Problem requirements - Begin at the first line below and copy each line exactly, ending with the line where "shoeshine boy" appears.

Data to use -

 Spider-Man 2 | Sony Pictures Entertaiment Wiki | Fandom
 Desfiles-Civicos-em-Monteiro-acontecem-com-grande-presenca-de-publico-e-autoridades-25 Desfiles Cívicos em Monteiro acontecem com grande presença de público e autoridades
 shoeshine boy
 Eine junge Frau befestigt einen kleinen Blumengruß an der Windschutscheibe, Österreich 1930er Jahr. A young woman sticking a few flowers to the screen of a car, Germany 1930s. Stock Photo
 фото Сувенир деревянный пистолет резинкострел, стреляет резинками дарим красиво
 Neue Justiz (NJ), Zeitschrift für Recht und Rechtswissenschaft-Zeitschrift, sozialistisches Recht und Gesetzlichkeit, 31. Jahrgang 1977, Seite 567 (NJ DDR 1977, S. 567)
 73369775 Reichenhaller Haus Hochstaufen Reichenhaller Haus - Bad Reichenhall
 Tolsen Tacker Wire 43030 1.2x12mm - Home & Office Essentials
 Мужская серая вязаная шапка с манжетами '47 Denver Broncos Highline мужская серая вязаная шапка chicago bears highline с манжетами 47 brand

Expected answer -
 Spider-Man 2 | Sony Pictures Entertaiment Wiki | Fandom
 Desfiles-Civicos-em-Monteiro-acontecem-com-grande-presenca-de-publico-e-autoridades-25 Desfiles Cívicos em Monteiro acontecem com grande presença de público e autoridades
 shoeshine boy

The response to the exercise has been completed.